## What you need to do
Reproduce the listing word for word, leaving every picture behind.

## Supplied data
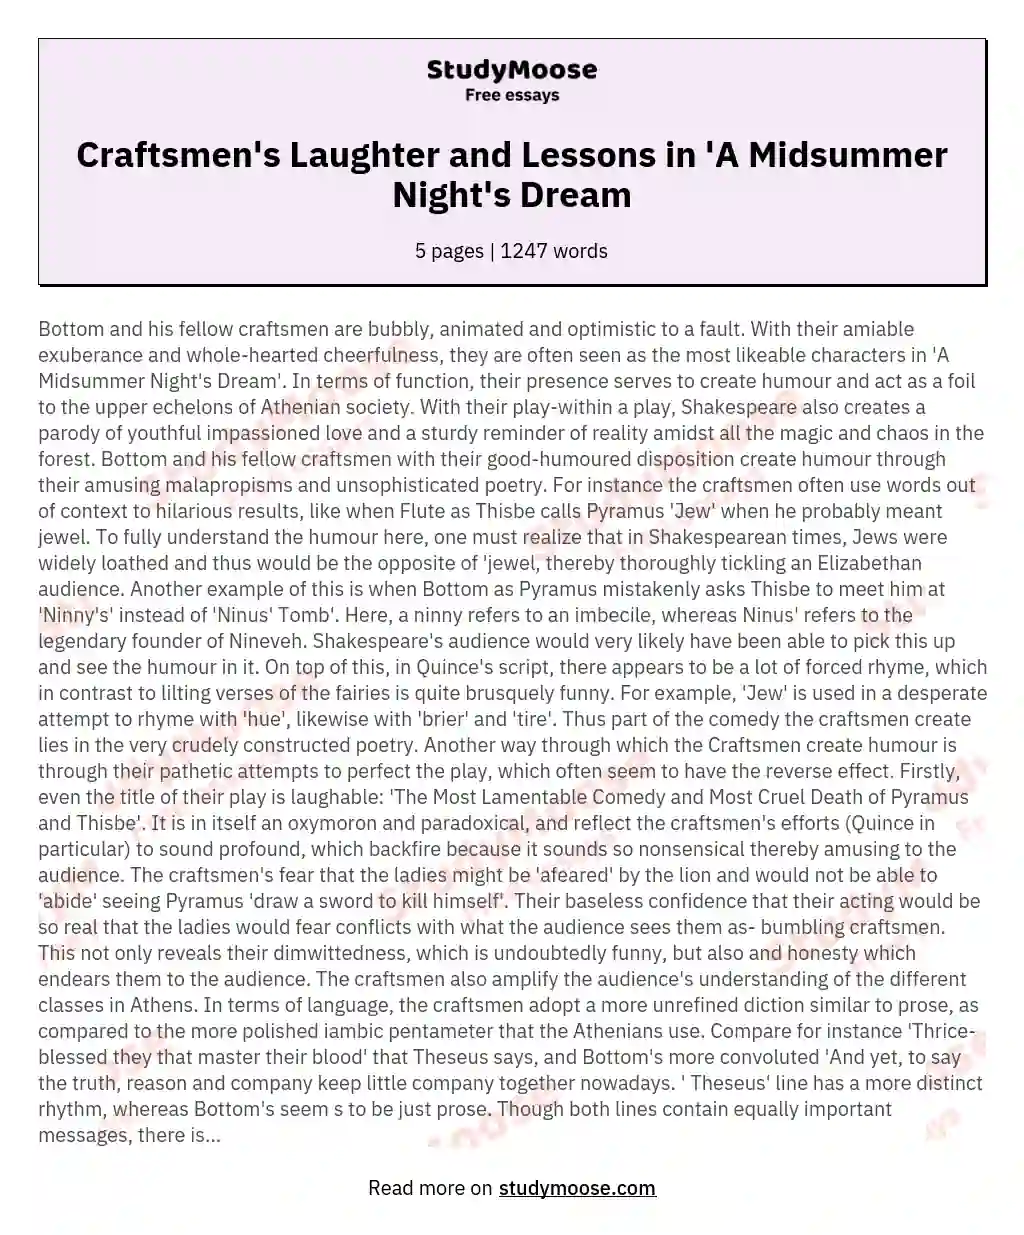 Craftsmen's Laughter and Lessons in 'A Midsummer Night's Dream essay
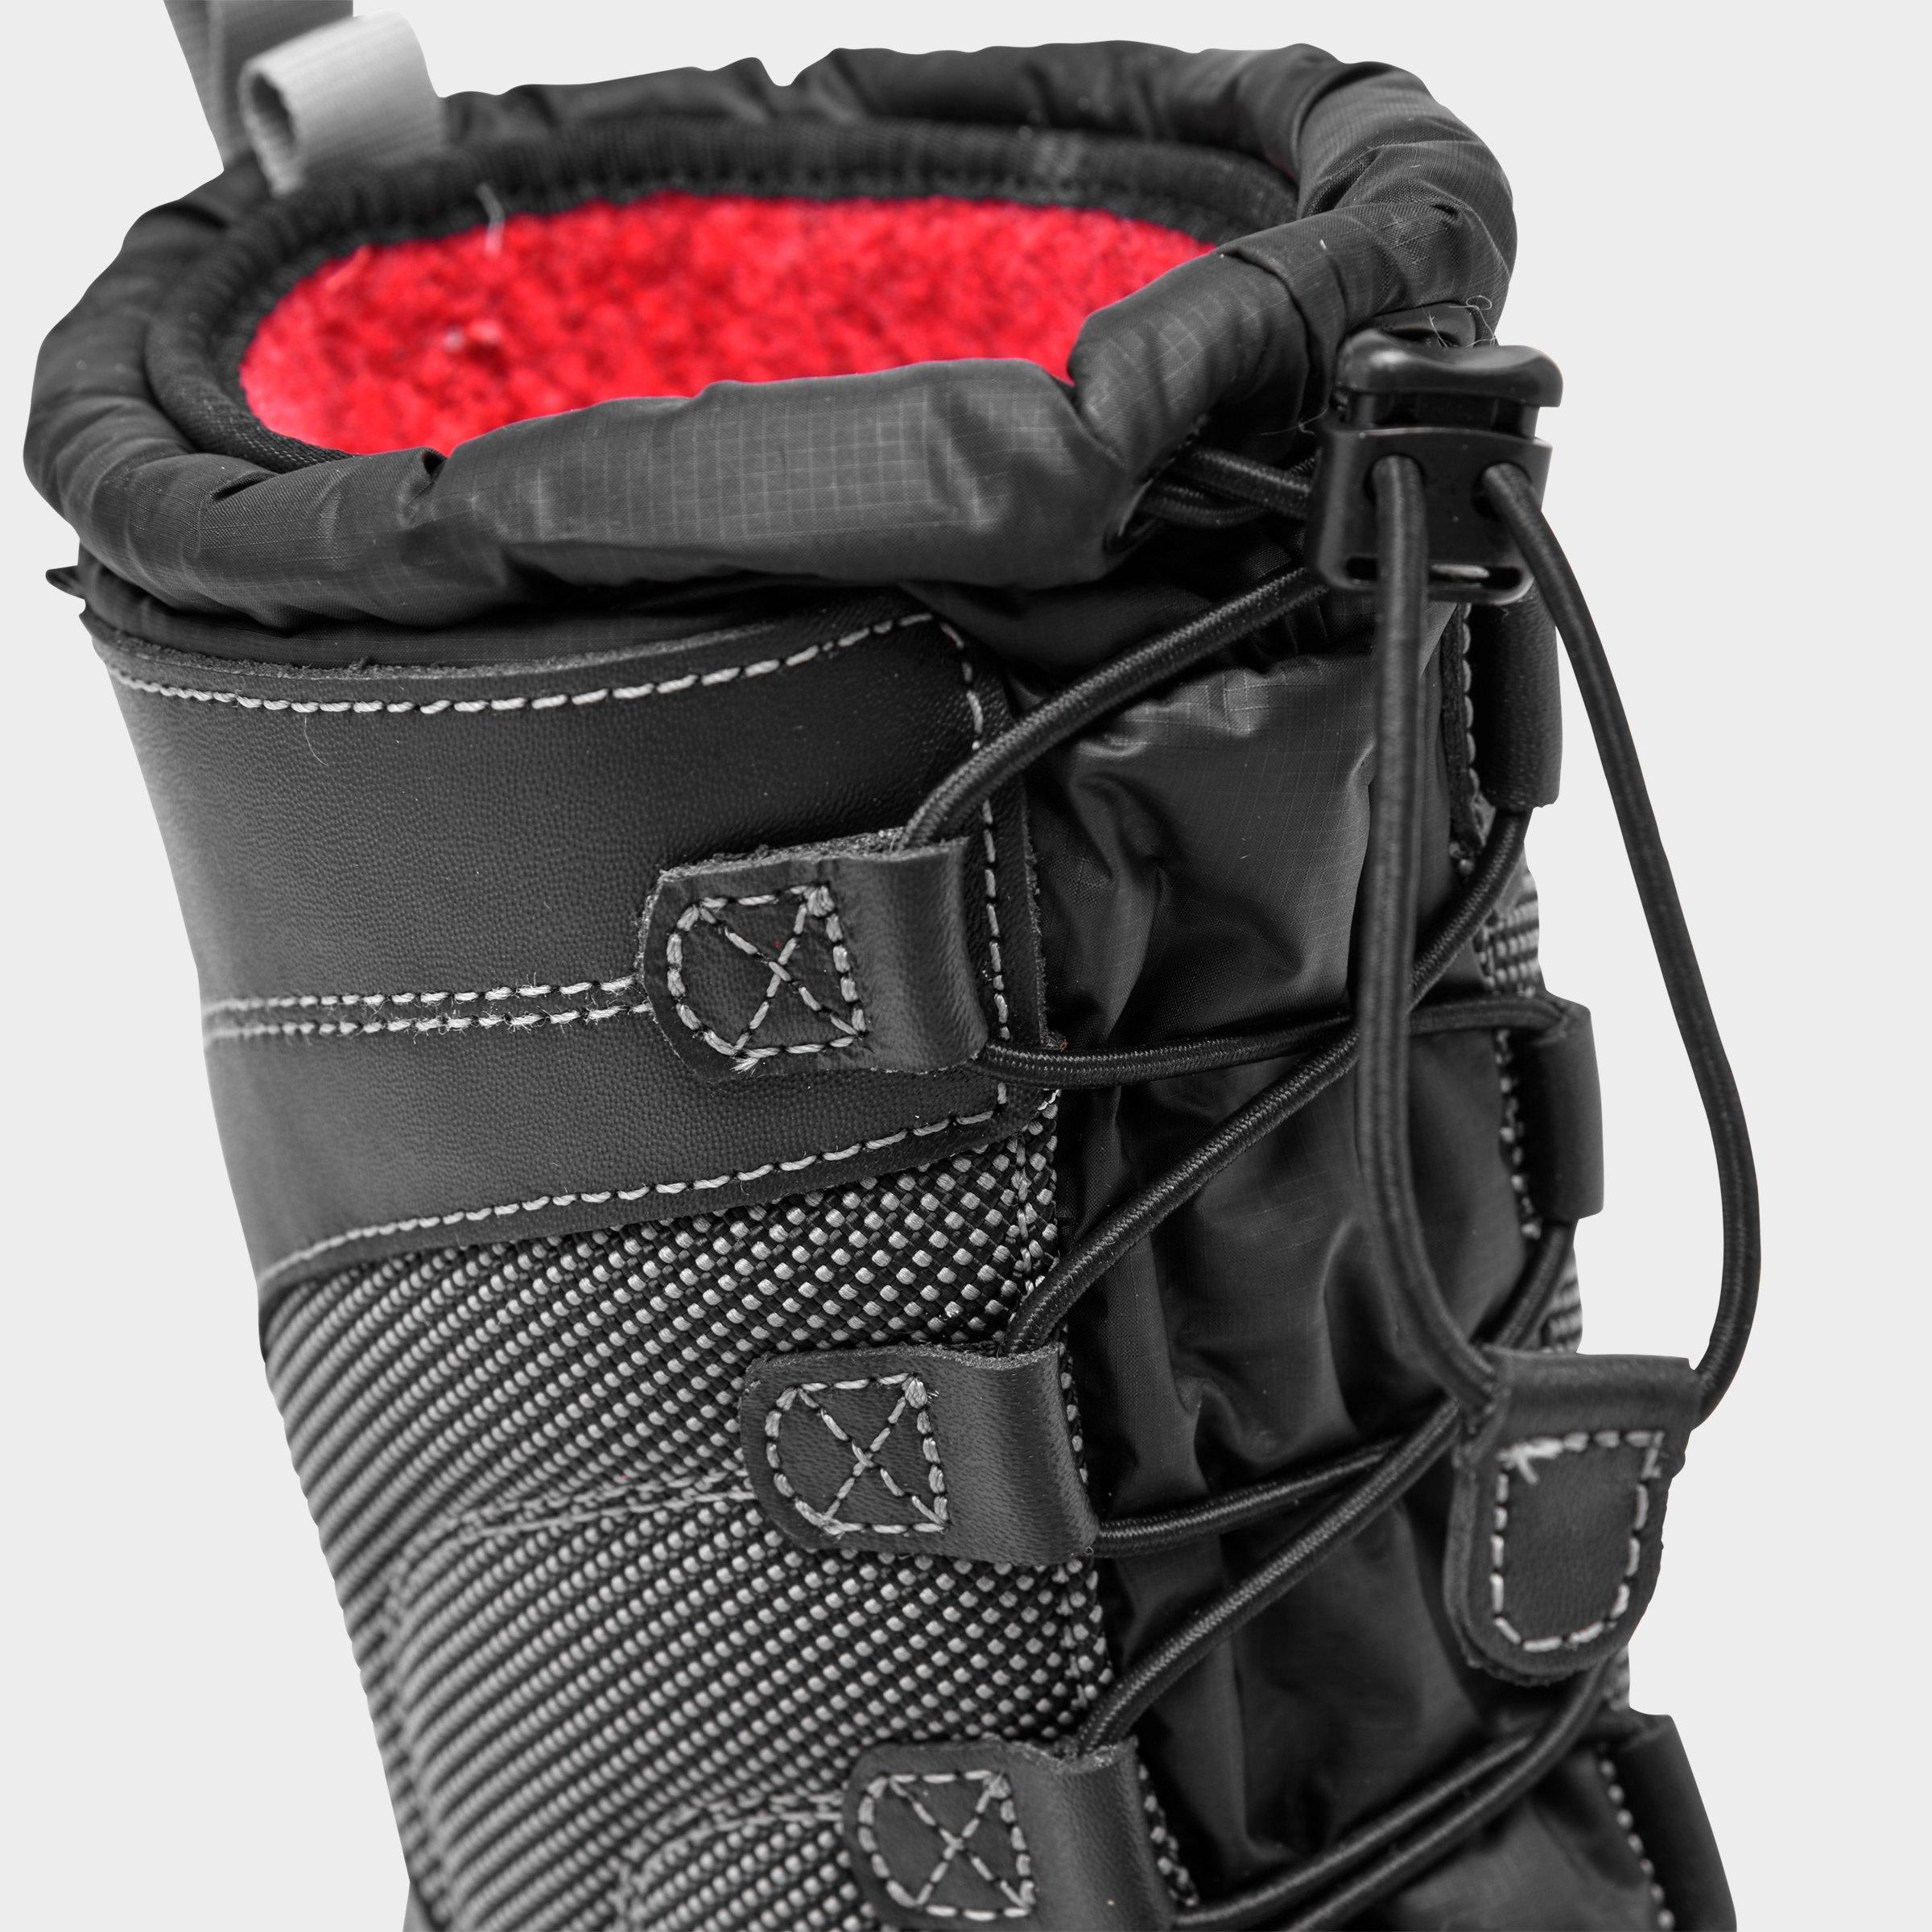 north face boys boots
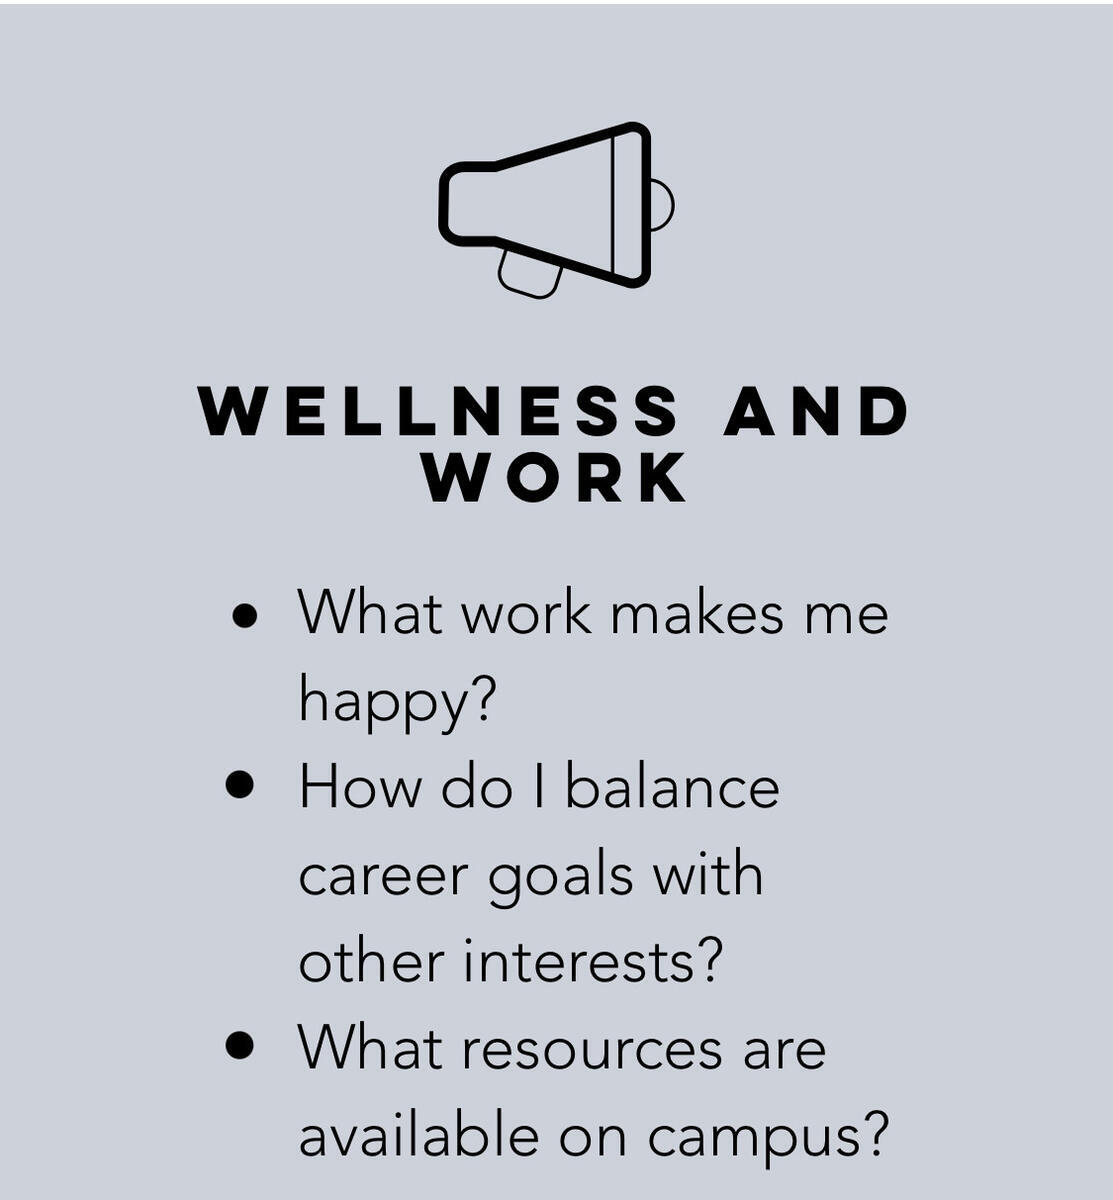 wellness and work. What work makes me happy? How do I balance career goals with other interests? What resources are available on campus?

## Answer to this problem
 Craftsmen's Laughter and Lessons in 'A Midsummer Night's Dream essay
 north face boys boots
 wellness and work. What work makes me happy? How do I balance career goals with other interests? What resources are available on campus?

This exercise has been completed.